EU’s new data-protection rules pose challenges

In October 2015, the business world was faced with a conundrum when the European Court of Justice ruled against the 15-year Safe Harbor principles, which were used as a framework for companies to transfer personally identifiable information within the European Union and to other countries, including the United States. In a business climate such as the hospitality industry’s that increasingly depends on customizing the customer experience to attract and keep loyal customers, many hospitality companies were at a loss on how to proceed with customer communications.

Moving forward one-and-a-half years later, the European Union announced in its stead the comprehensive General Data Protection Regulations with an implementation deadline of May 28, 2018. The detailed regulations set forth numerous data-management requirements, and the implementation will impact not only businesses in the EU, but any business that collects PII from an EU citizen. Noncompliance carries a tiered fine approach, with up to 4 percent of annual global turnover as the max. To manage this protection, entities must also appoint a data protection officer. This requirement is estimated to potentially open up 28,000 new positions.
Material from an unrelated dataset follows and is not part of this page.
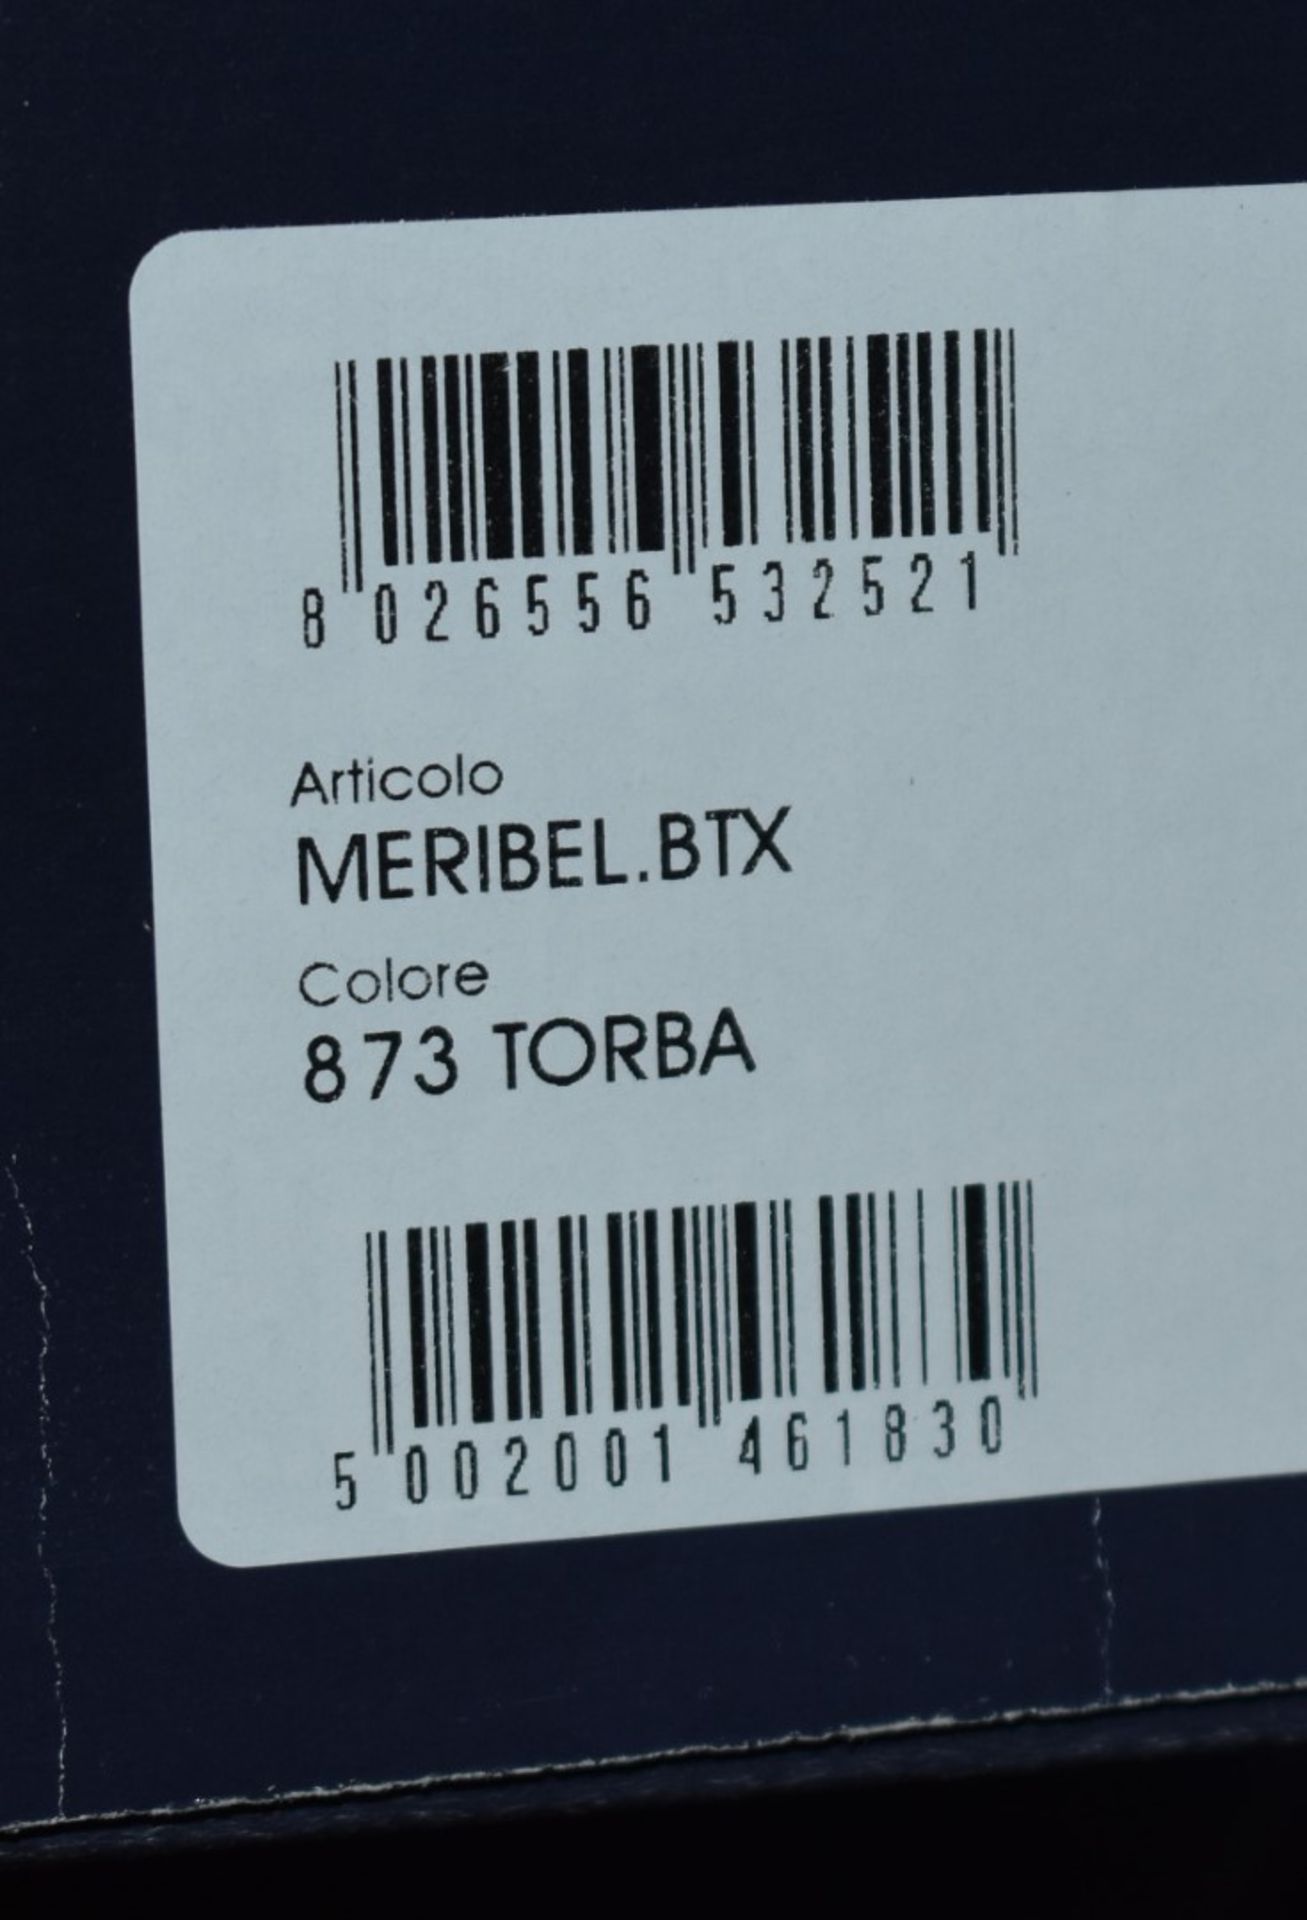 1 x Pair of Designer Olang Meribel 873 Torba Women's Winter Boots - Euro Size 37 - Brand New Boxed - Image 3 of 5

I was confronted with the high-priority status of the GDPR at HFTP’s inaugural HITEC Amsterdam held in March 2017. Discussions were abuzz on how both the finance and technology departments would regroup data management and come to be compliant in just over a year’s time. Based on the discussion in Amsterdam, HFTP moved forward with a plan to form the Hospitality Data Protection Officer Task Force. The group of experts is tasked with developing hospitality-specific guidelines for compliance and developing a Hospitality DPO certification program. 

The task force is working to address the major challenges for the industry to achieve compliance, as well as the stakeholders involved. Based on their findings, they are developing guidelines to enable the industry to assess their specific needs to achieve compliance on time. The group is also working to define the specific features of a hospitality data protection officer job role; and resulting from this, propose a structure of an HFTP HDPO certification.

The EU is not the only region that is strengthening its cybersecurity laws, as China has also released new regulations. In a global business such as hospitality with guests coming from all regions, it is imperative we keep aware of data-protection regulations.